Стоя в темном проеме двери, она казалась очень бледной и очень красивой, а в ее словах не было ни гнева, ни злорадства. Флеминг угрюмо взглянул на нее. — Ну что ж, карты раскрыты, — сказал он. Рядом с торнесской железнодорожной станцией было небольшое кафе; Джуди оставила Флеминга там, а сама отправилась встречать поезд из Абердина. Дело происходило на следующий день. Рейнхарт действовал быстро. Флеминг прошел в оставленную для них заднюю комнатку и стал ждать.

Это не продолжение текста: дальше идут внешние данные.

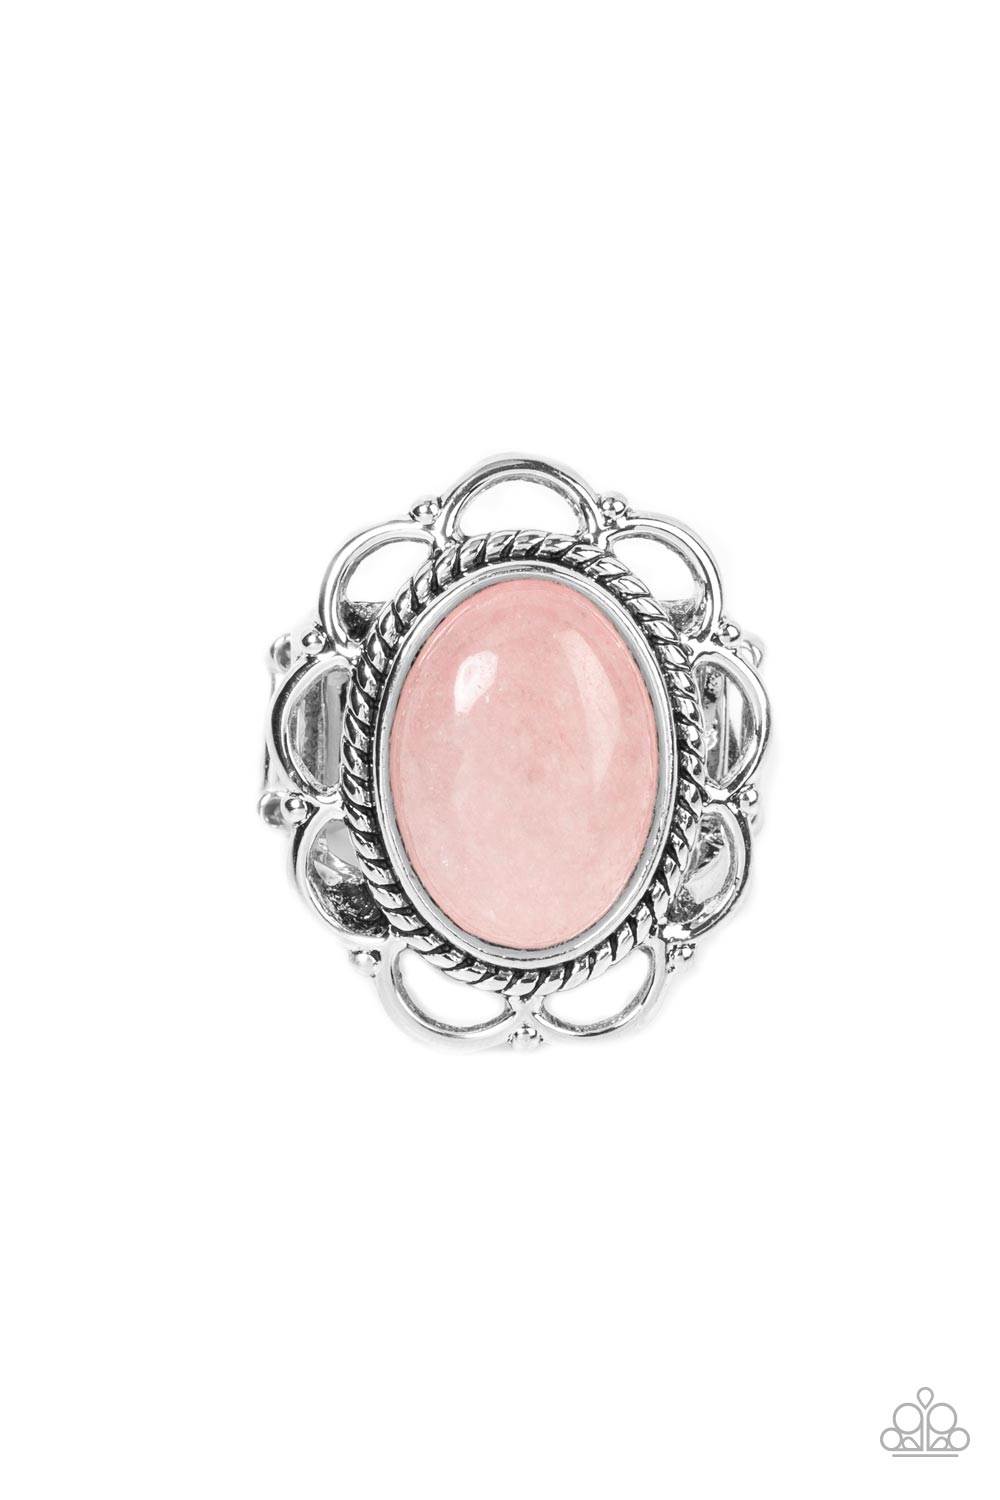 Gemstone Eden Paparazzi Accessories Ring Pink
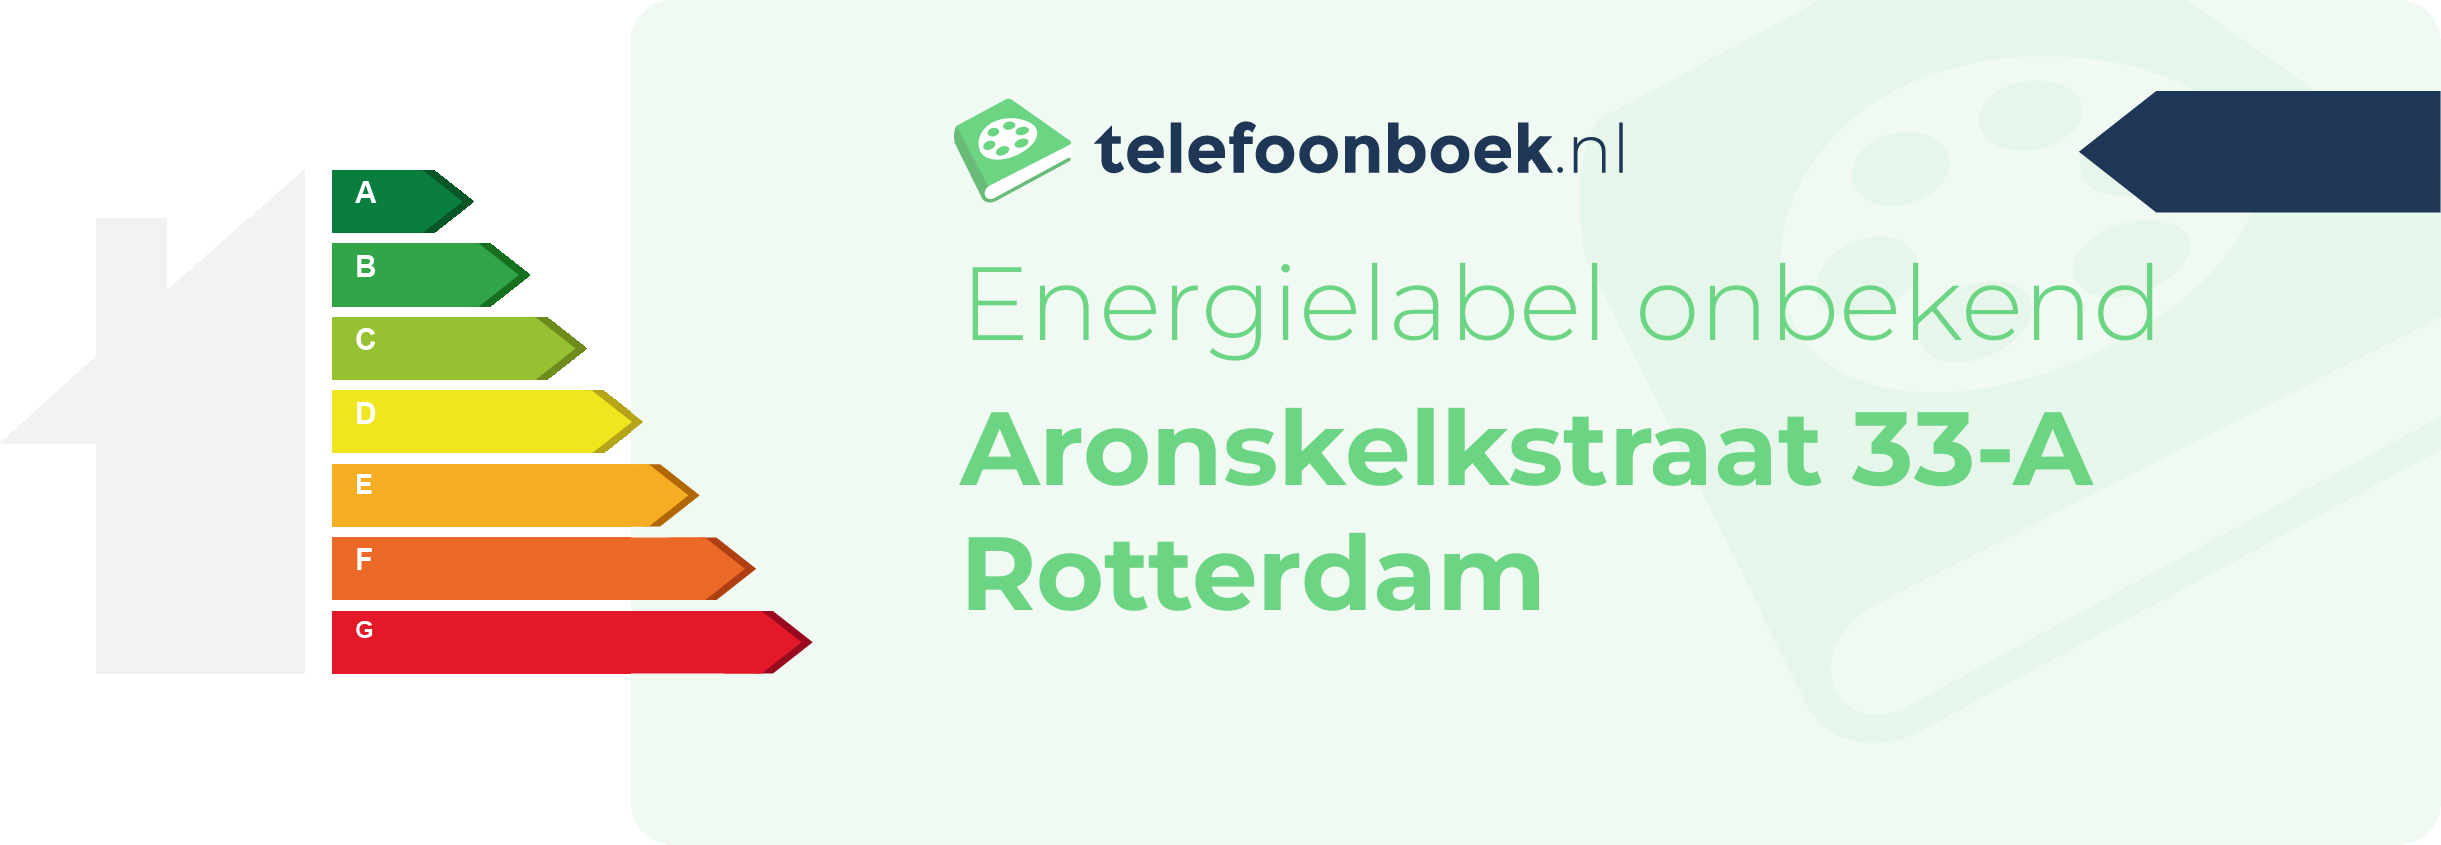 Energielabel Aronskelkstraat 33-A Rotterdam

Комнатка была унылая и неприглядная; почти всю ее занимал старый деревенский стол и стулья; стены, обшитые тесом, были плохо выкрашены; на них висели выцветшие рекламы кока-колы и минеральной воды. Флеминг подкрепился глотком из карманной фляжки. Он слышал, как снаружи стонал подымающийся ветер, а потом с юга донесся нарастающий шум поезда. Вскоре он остановился у станции. Через минуту-две раздался свисток, вскрик сирены и локомотив медленно отошел, оставив за собой тишину, из которой опять возник гул ветра и шаги на гравии перед входом в кафе. Джуди ввела в комнату Осборна и Рейнхарта, закутанных, в зимних пальто. Осборн нес большой чемодан.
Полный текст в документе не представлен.